SPC Glenn was one of my Soldiers for 7 months before he moved onto 69th.  He was outstanding, and I was very sad to hear his passing.  He leaves behind a wife, and newborn of 9 months old.

http://www.azcentral.com/news/articles/1105B1-update1105.html


----------



## RackMaster (Nov 5, 2007)

RIP.


----------



## Gypsy (Nov 5, 2007)

That is just horrible, I'm so sorry for your loss rv808.  RIP, SPC Glenn.


----------



## Boondocksaint375 (Nov 5, 2007)

RIP, Sorry for your loss bro.


----------



## tova (Nov 5, 2007)

RIP, Godspeed, PBS....


----------



## Chopstick (Nov 5, 2007)

RIP


----------



## AWP (Nov 5, 2007)

Sorry for your loss.

Blue Skies.


----------



## car (Nov 5, 2007)

RV,

It always sucks when a Soldier dies - when or where ever. Sorry for your loss, brother.


----------



## Ex3 (Nov 5, 2007)

I'm so sorry, Ral.  

May he rest in peace.


----------



## EATIII (Nov 5, 2007)

R.I.P. SPC Glenn


----------



## Ravage (Nov 6, 2007)

RIP, I'm sorry for You loss


----------



## Typhoon (Nov 6, 2007)

I am so sorry to hear of this, rv. My condolences on your loss. RIP Sgt. Glenn.
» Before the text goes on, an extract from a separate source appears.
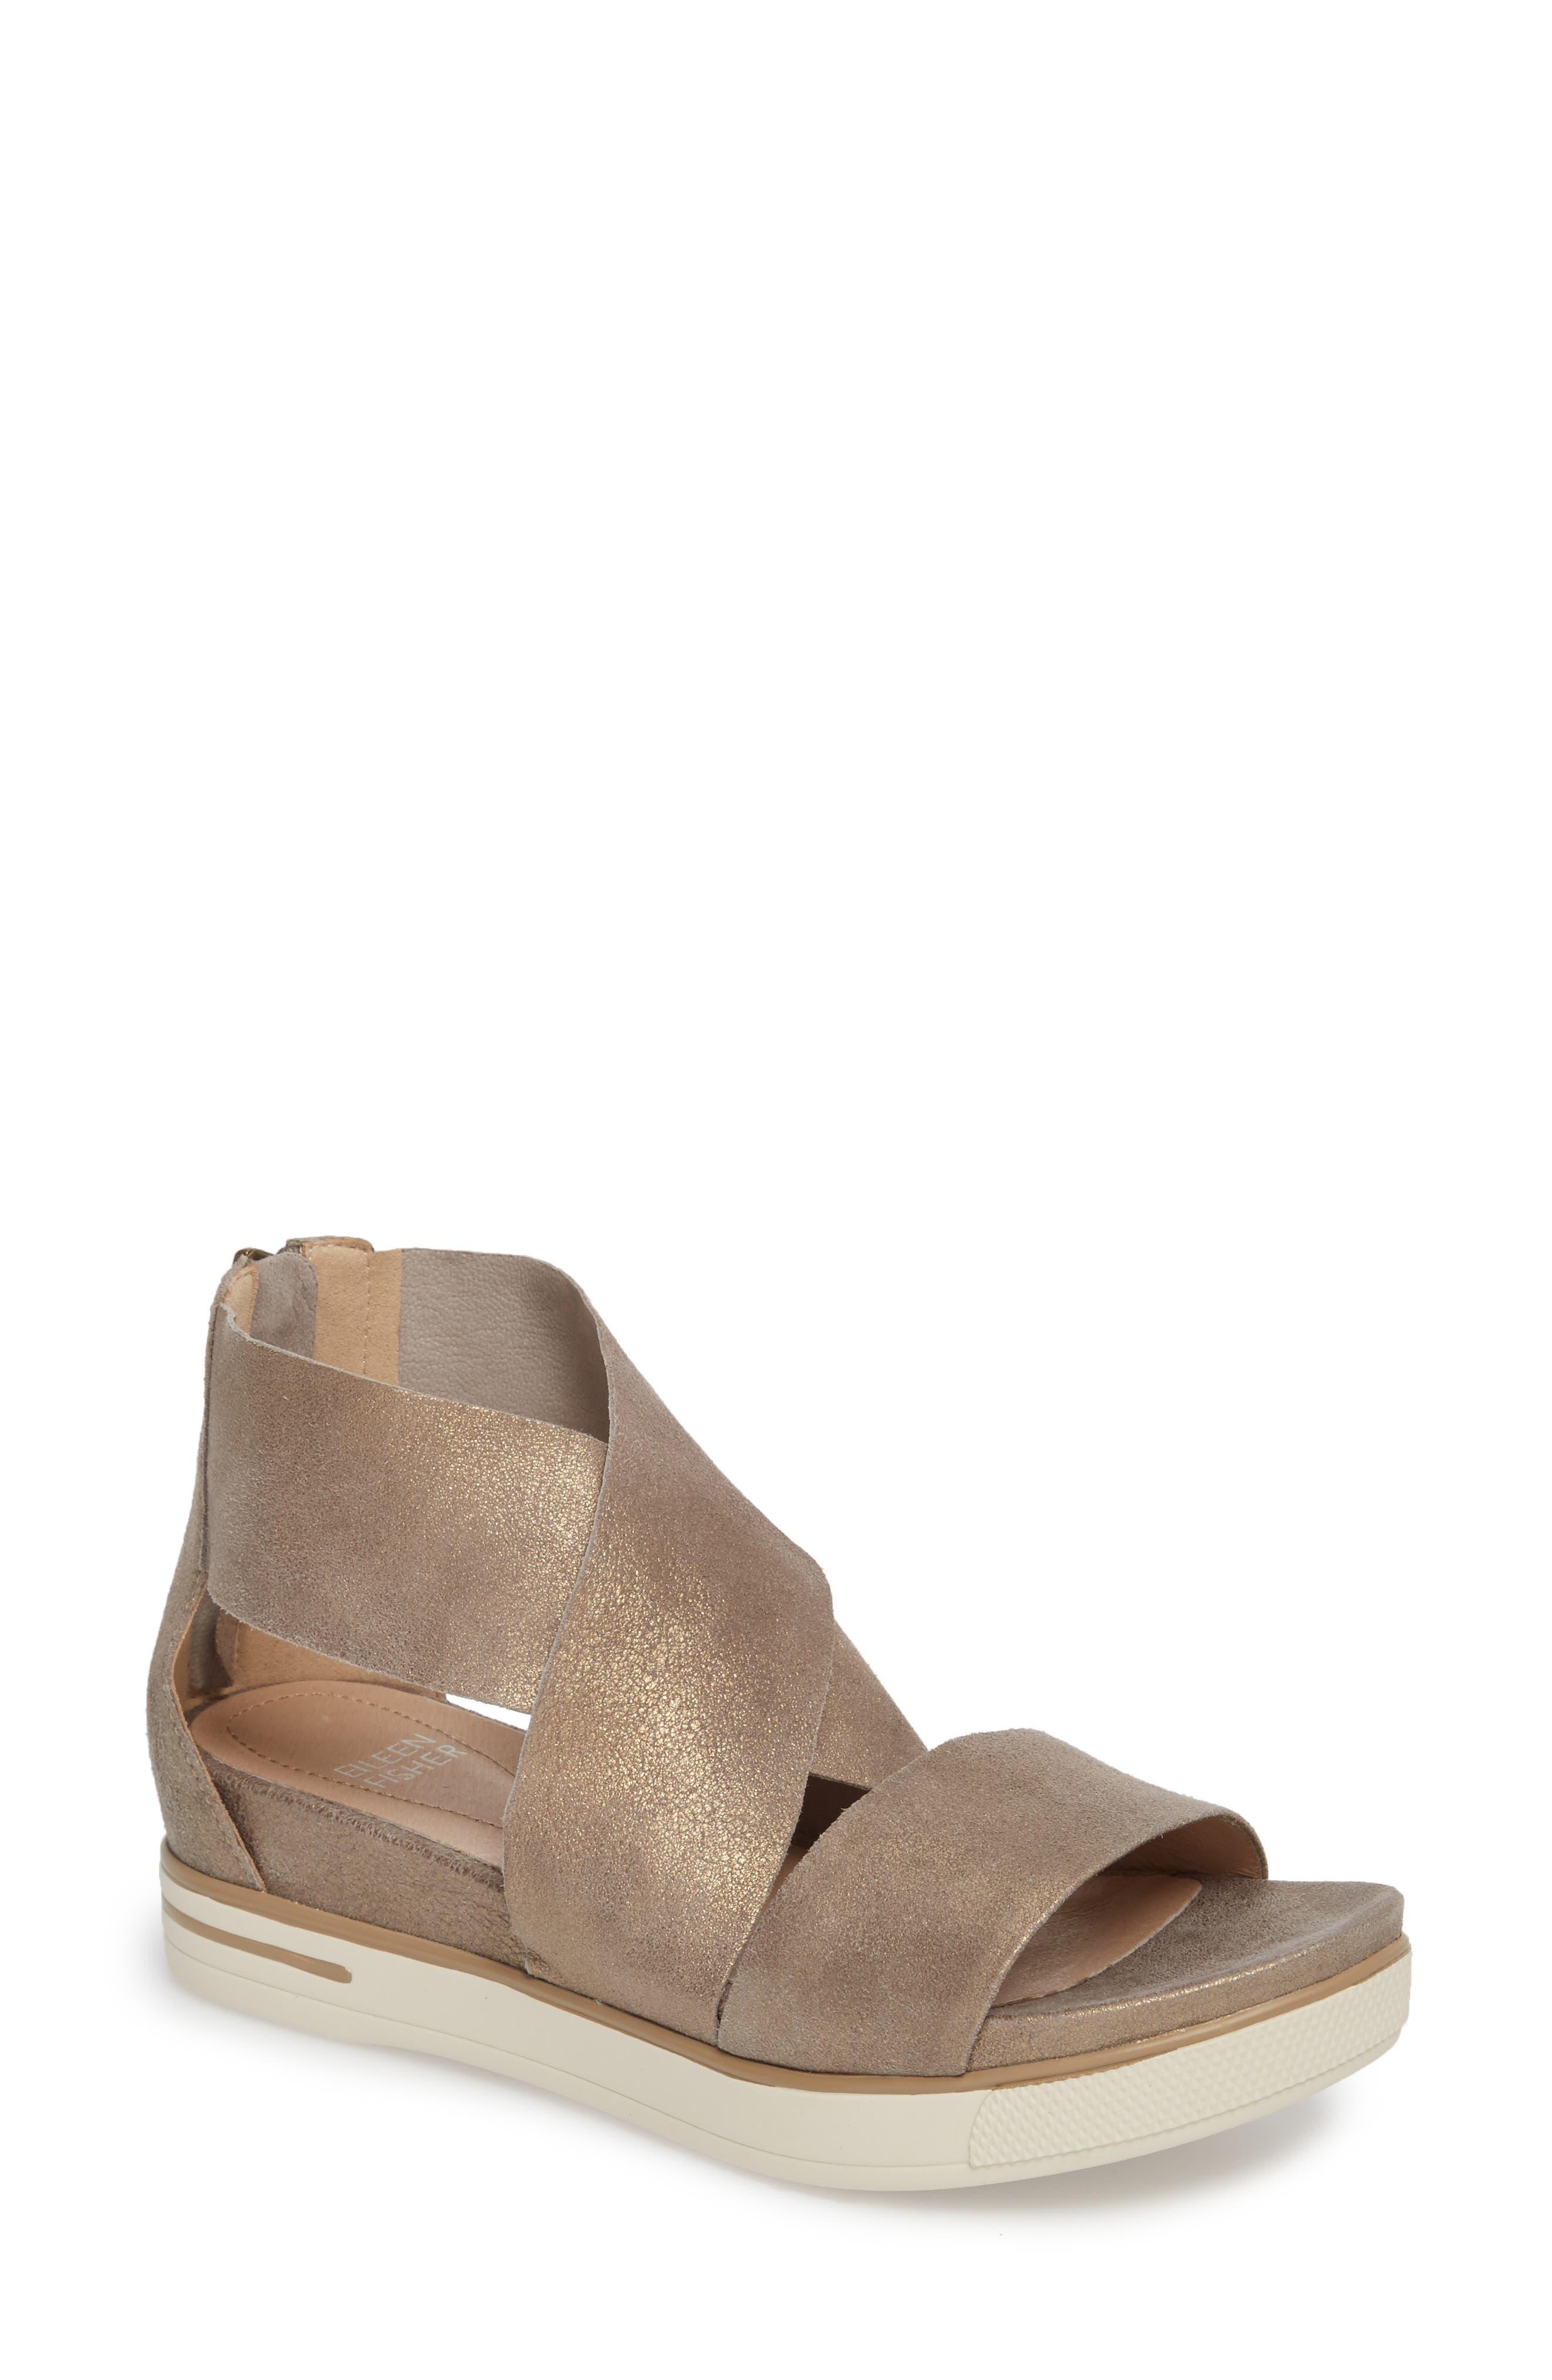 Sport Platform Sandal,                         Main,                         color, Platinum Leather

My thoughts and prayers are with his family and friends...


----------



## ROS (Nov 6, 2007)

So sorry for your loss. 

Rest in peace.


----------



## rv808 (Nov 7, 2007)

Just went to the Memorial Service today.  I've never been to one before, wow that was rough.  I seriously hope to never go through that again.


----------